ASSIGNED TASK: The entries below contain a line with "Ancient egyptian headdress" and a line with "Illustration Muglins lighthouse". Retype exactly everything from the first down to the second, both included, and nothing else.

GIVEN DATA:
# # # # # # #
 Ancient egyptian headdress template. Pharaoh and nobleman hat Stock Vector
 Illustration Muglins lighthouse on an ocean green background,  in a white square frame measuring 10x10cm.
# # # # # # #
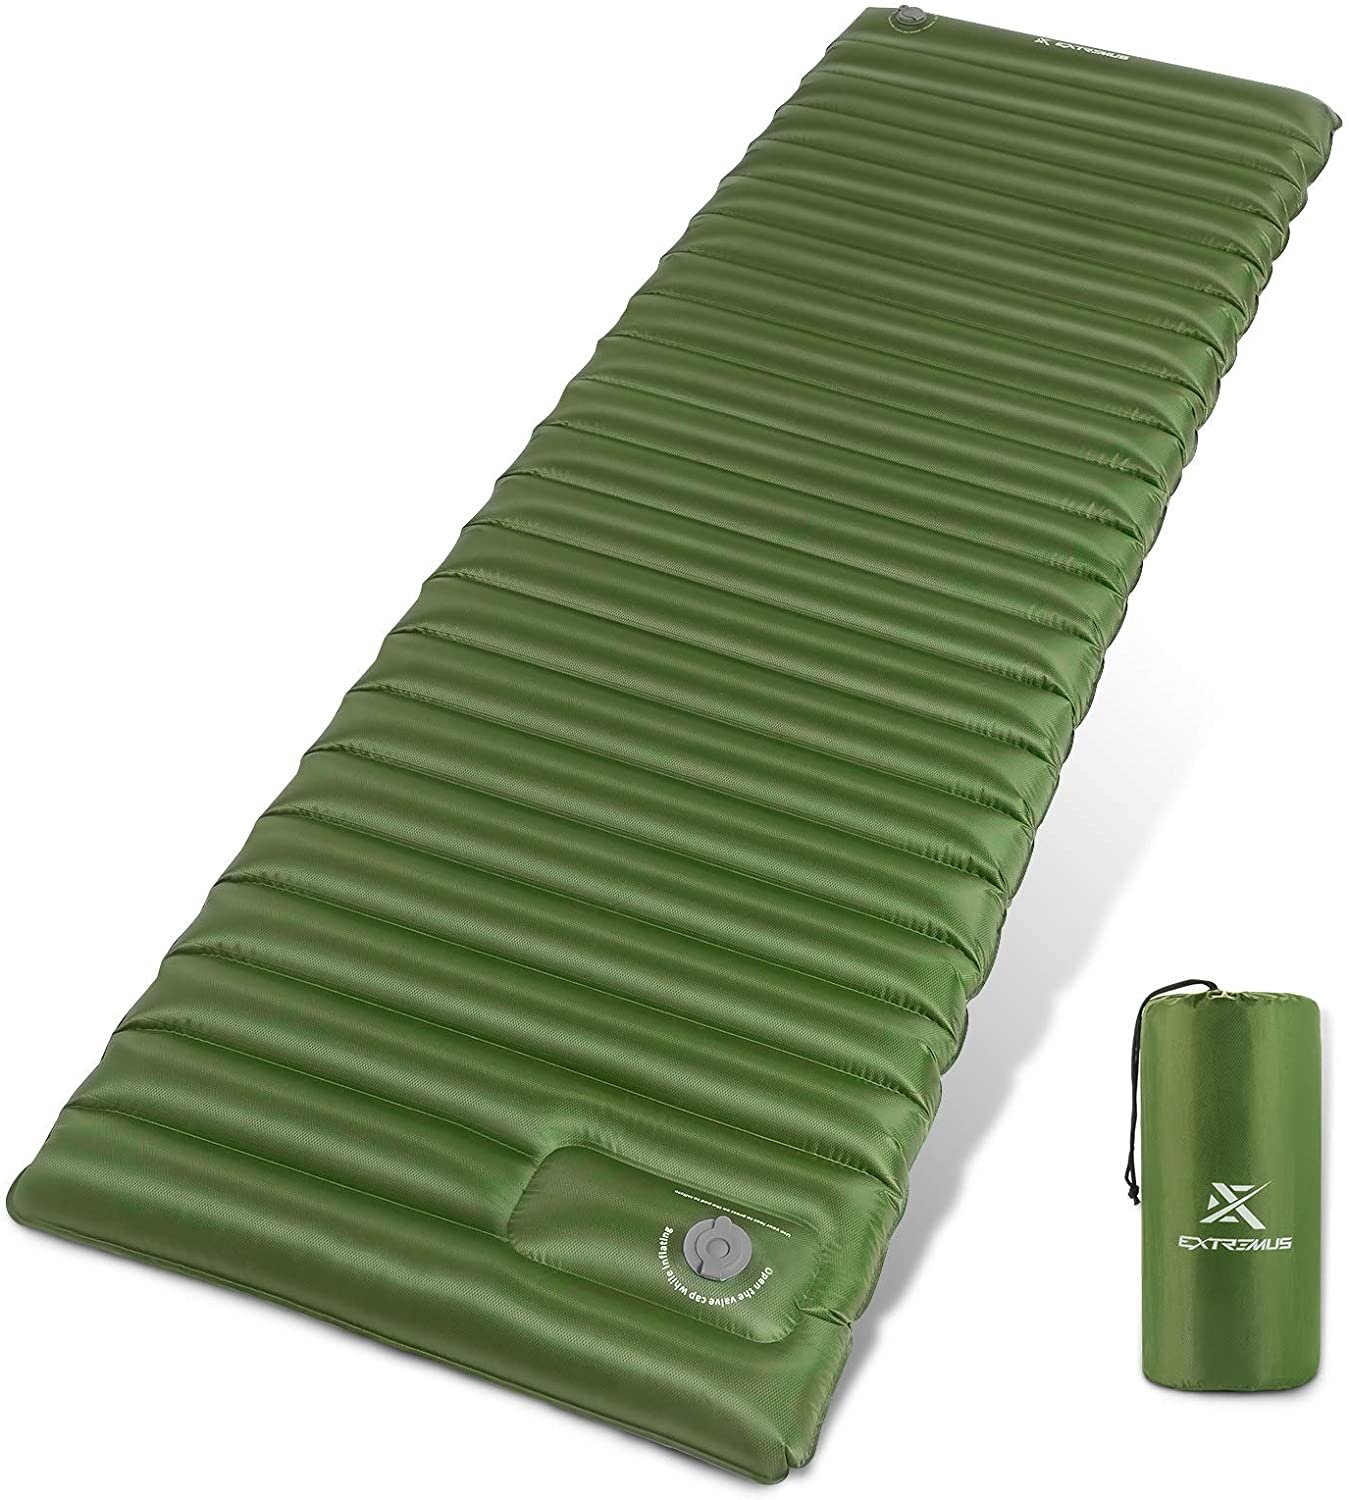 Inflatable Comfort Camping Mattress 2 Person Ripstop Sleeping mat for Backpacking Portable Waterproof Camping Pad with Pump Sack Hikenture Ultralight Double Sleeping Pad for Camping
# # # # # # #
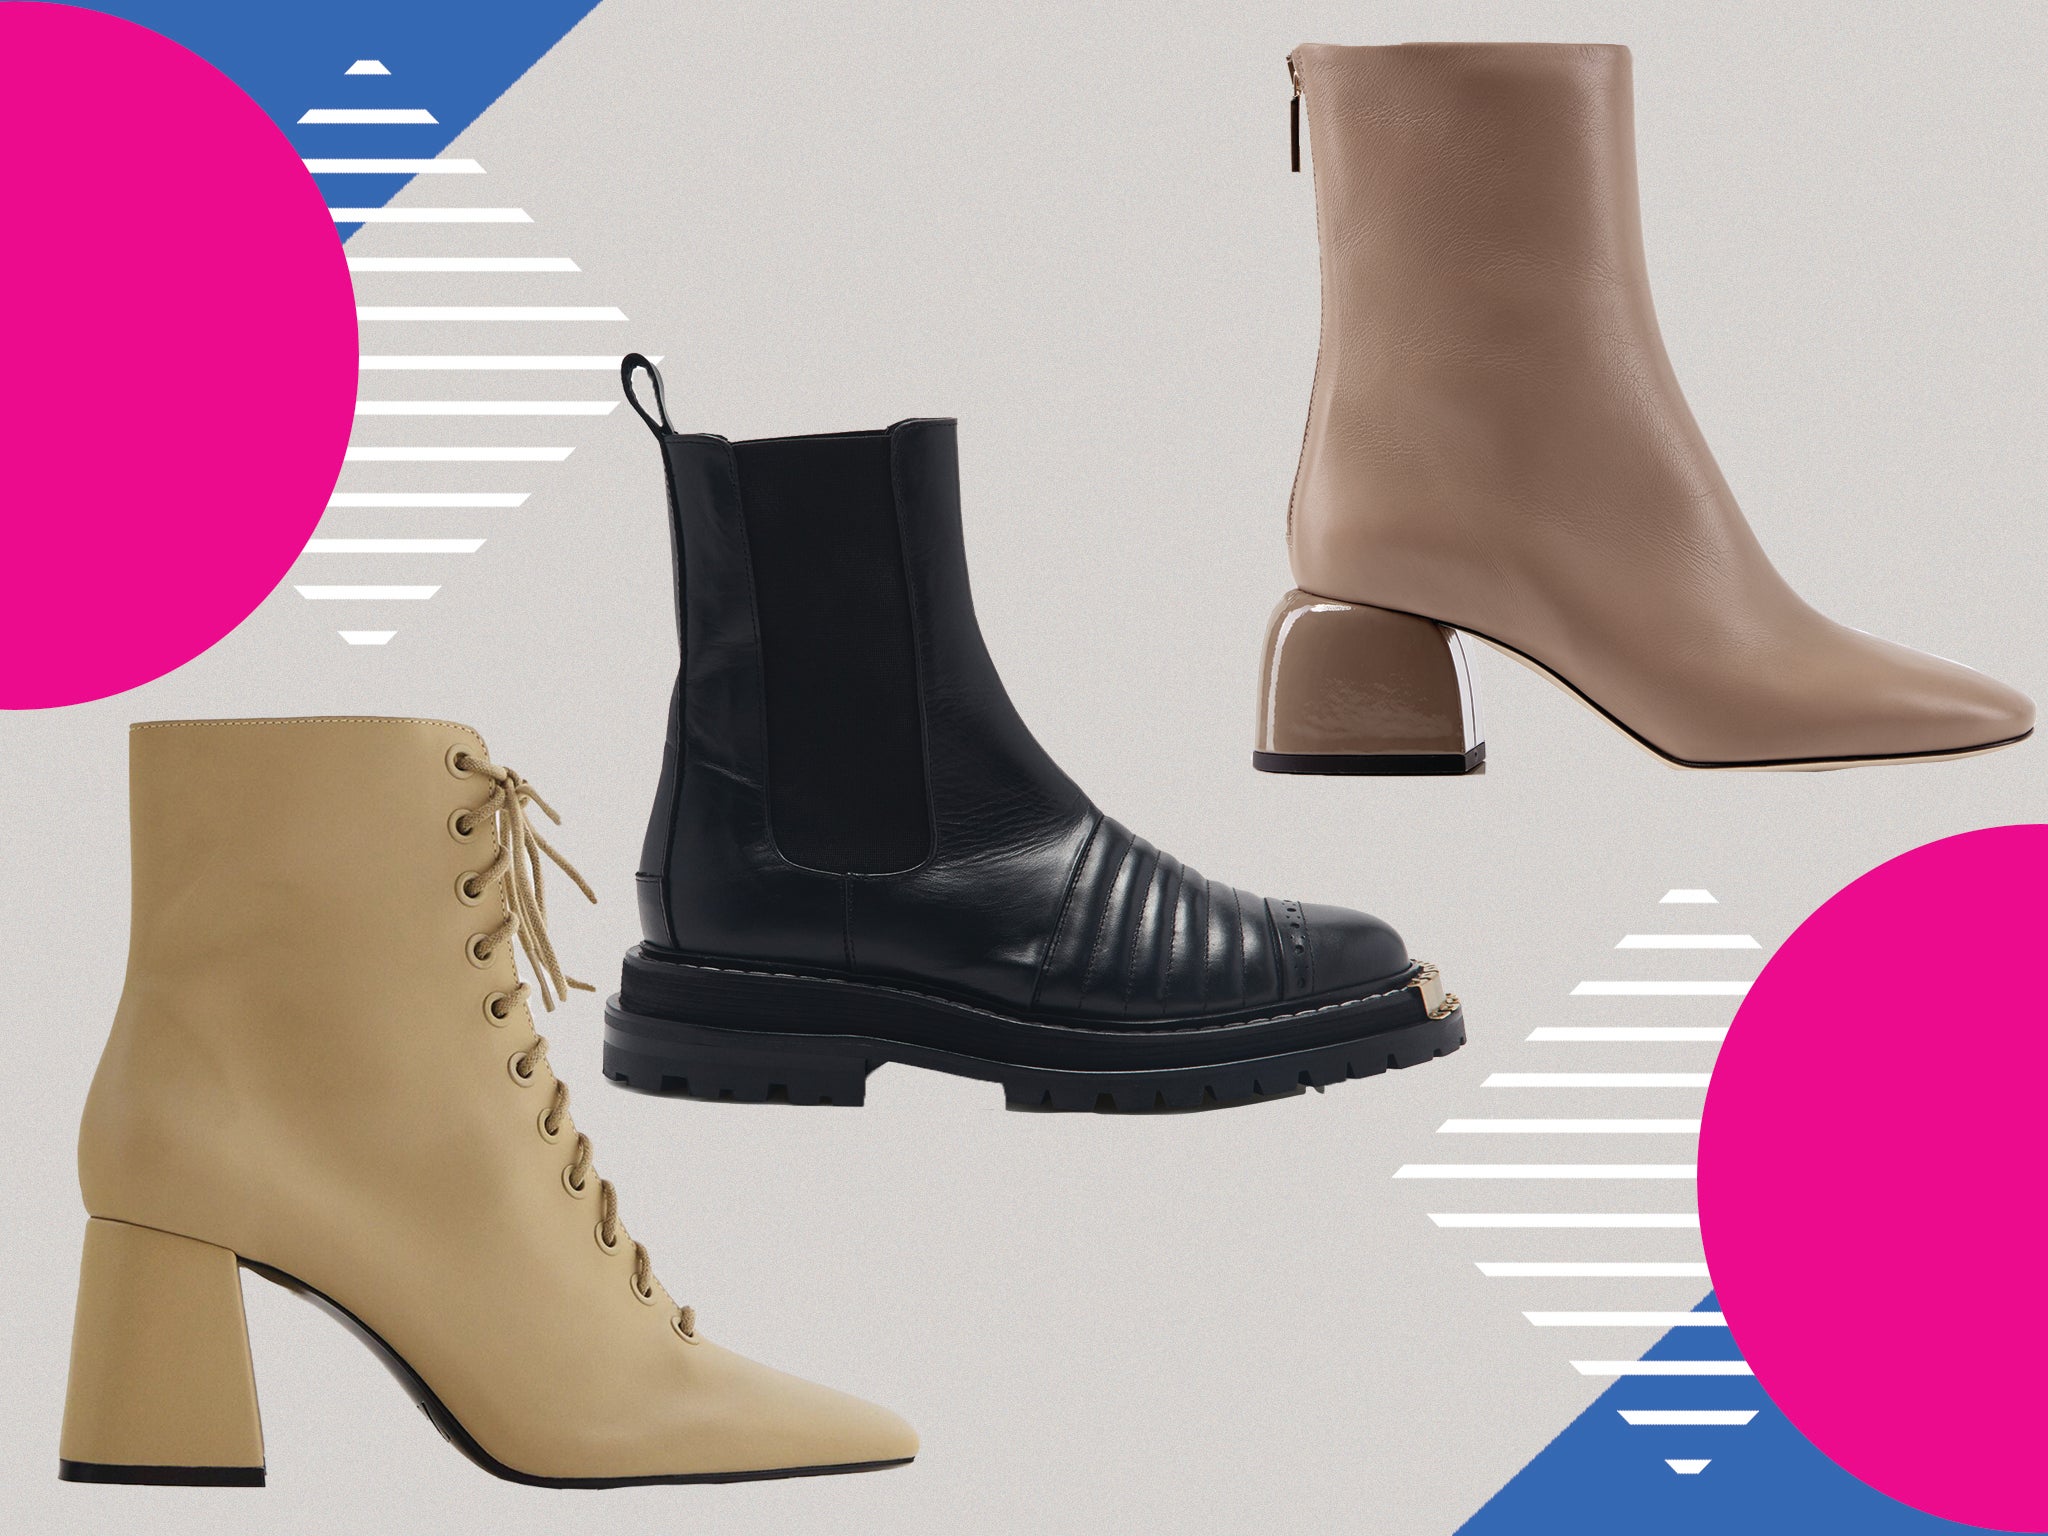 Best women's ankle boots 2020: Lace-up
# # # # # # #
TASK RESULT:
 Ancient egyptian headdress template. Pharaoh and nobleman hat Stock Vector
 Illustration Muglins lighthouse on an ocean green background,  in a white square frame measuring 10x10cm.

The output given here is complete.